I've dealt with far too many drunks over the course of my career, to want to be around them on my own time. Got no use for them at all.


----------



## spongemonkey (Mar 4, 2019)

You must lead a very bored unenventful life!


----------



## paratrooper (Feb 1, 2012)

Actually, I haven't. I'm now retired, still in one piece, and glad to be..........on both counts.


----------



## spongemonkey (Mar 4, 2019)

I hear you paratrooper. I was just clowning a bit.


----------



## paratrooper (Feb 1, 2012)

spongemonkey said:


> I hear you paratrooper. I was just clowning a bit.

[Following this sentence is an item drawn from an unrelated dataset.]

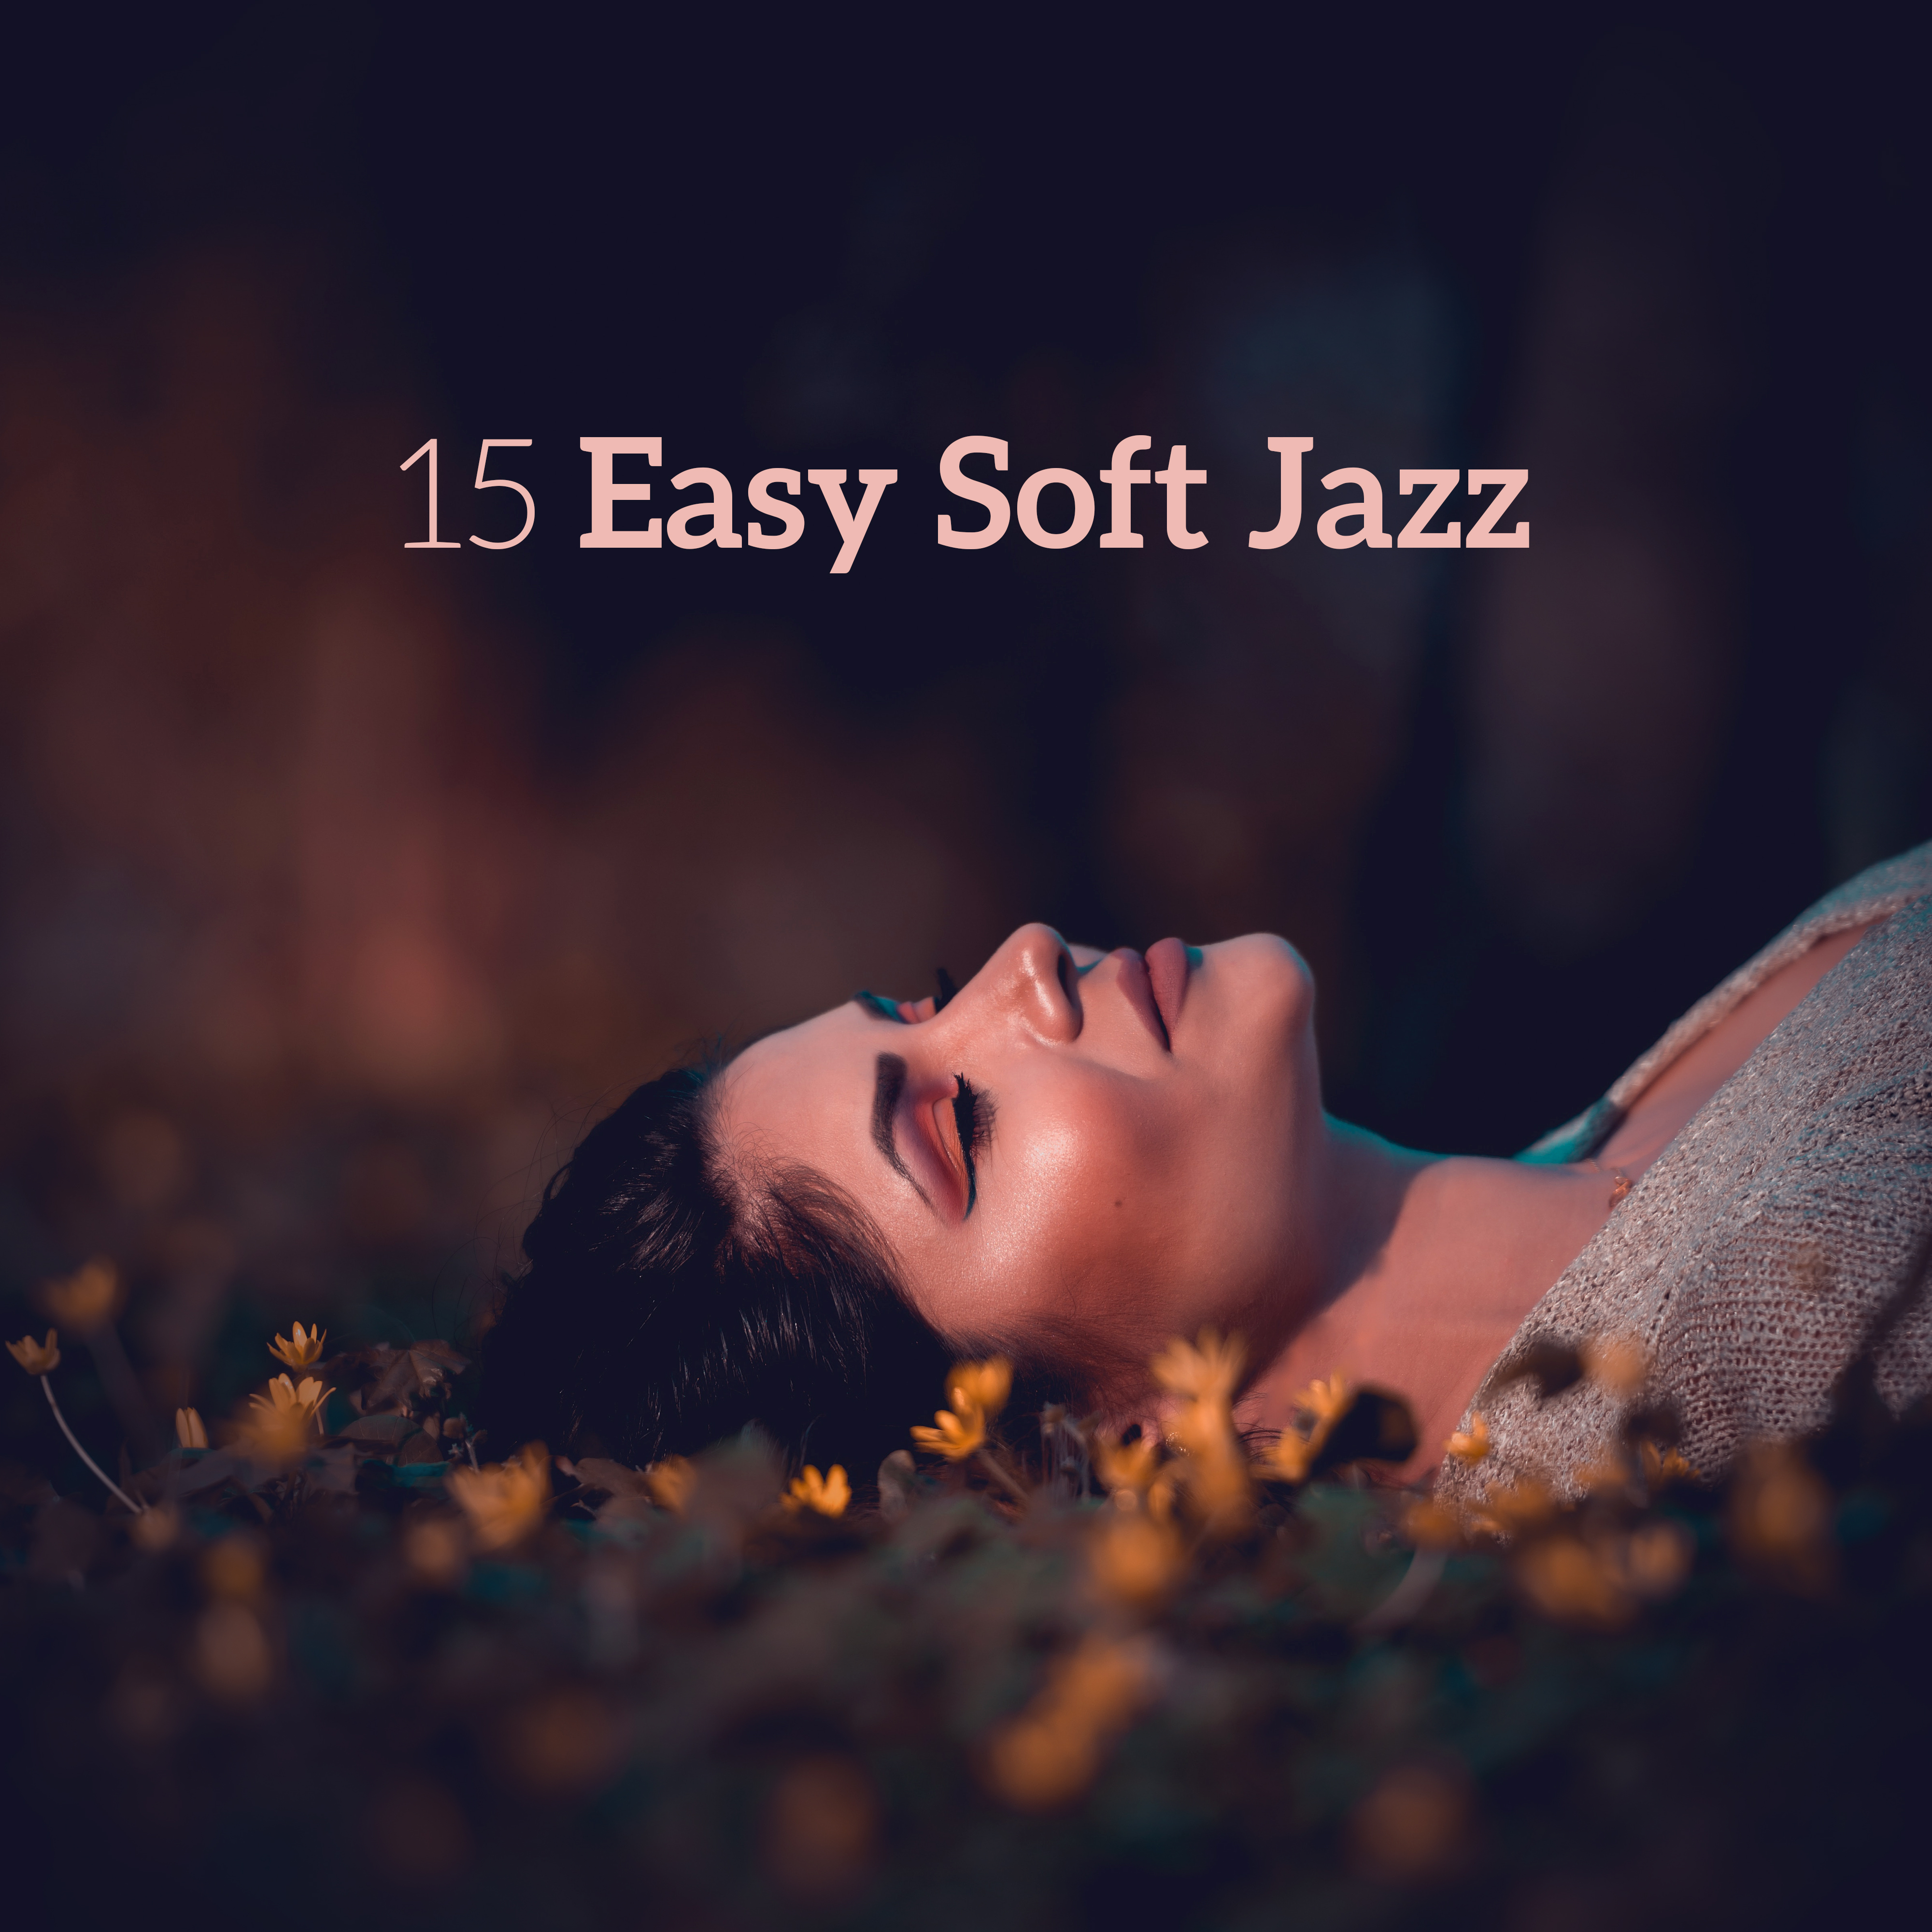 15 Easy Soft Jazz

I was just messing with you too. I'm a drug addict, homeless and living on the streets, have multiple felony warrants out on me, and I've been on the run for the last 30 yrs. or so.

But things are looking up, thanks to Trump.


----------



## spongemonkey (Mar 4, 2019)

paratrooper said:


> I was just messing with you too. I'm a drug addict, homeless and living on the streets, have multiple felony warrants out on me, and I've been on the run for the last 30 yrs. or so.
> 
> But things are looking up, thanks to Trump.



Now that is funny right there, I dont care who you are!


----------



## Slowalkintexan (Feb 6, 2007)

Amen, brother amen,,,,,,Hey, sponge are you related to porch??


----------



## spongemonkey (Mar 4, 2019)

Slowalkintexan said:


> Amen, brother amen,,,,,,Hey, sponge are you related to porch??


Dont know porch and to my knowledge we not even closely related. I and he who ever he is are not even in the same race. Know what I mean?


----------



## Goldwing (Nov 5, 2014)

spongemonkey said:


> True Dat! I drink beer whenever and where ever I am! I have* no conscious *and dont answer to anyone. I am not a "kept man"!


So you're not concious? Is that what happens when you drink whenever and wherever you are not kept?

GW


----------



## spongemonkey (Mar 4, 2019)

Goldwing said:


> So you're not concious? Is that what happens when you drink whenever and wherever you are not kept?
> 
> GW


It means that I have no concious regardless if sober or not. At my age and past experiences, what ever happens, happens and I deal with the consequences whatever they may be good or bad. It was just a figure of speech.


----------



## Goldwing (Nov 5, 2014)

I think might have meant to say conscience which refers to your inner feelings rather than conscious which refers to being awake.

GW


----------



## spongemonkey (Mar 4, 2019)

Goldwing said:


> I think might have meant to say conscience which refers to your inner feelings rather than conscious which refers to being awake.
> 
> GW


You caught on to it! Yep, I have a conscience even though I may not be conscious.


----------



## RoadRamblerNJ (Mar 3, 2018)

Slowalkintexan said:


> Amen, brother amen,,,,,,Hey, sponge are you related to porch??


Now, THAT'S funny!


----------



## Slowalkintexan (Feb 6, 2007)

spongemonkey said:


> Dont know porch and to my knowledge we not even closely related. I and he who ever he is are not even in the same race. Know what I mean?


I do believe you got it.!!


----------



## TheReaper (Nov 14, 2008)

paratrooper said:


> My wife and I like to eat lunch out quite often. We do so, several times a week. We have our favorite joints that we patronize.
> 
> For pizzas, we like *Poppa Murphy's*. We stop by a couple times a month and get one.


Good Pizza, I like the fact that you cook it yourself.


----------



## paratrooper (Feb 1, 2012)

TheReaper said:


> Good Pizza, I like the fact that you cook it yourself.


Yeah, it's as good as any I've had. They have some good coupons too!


----------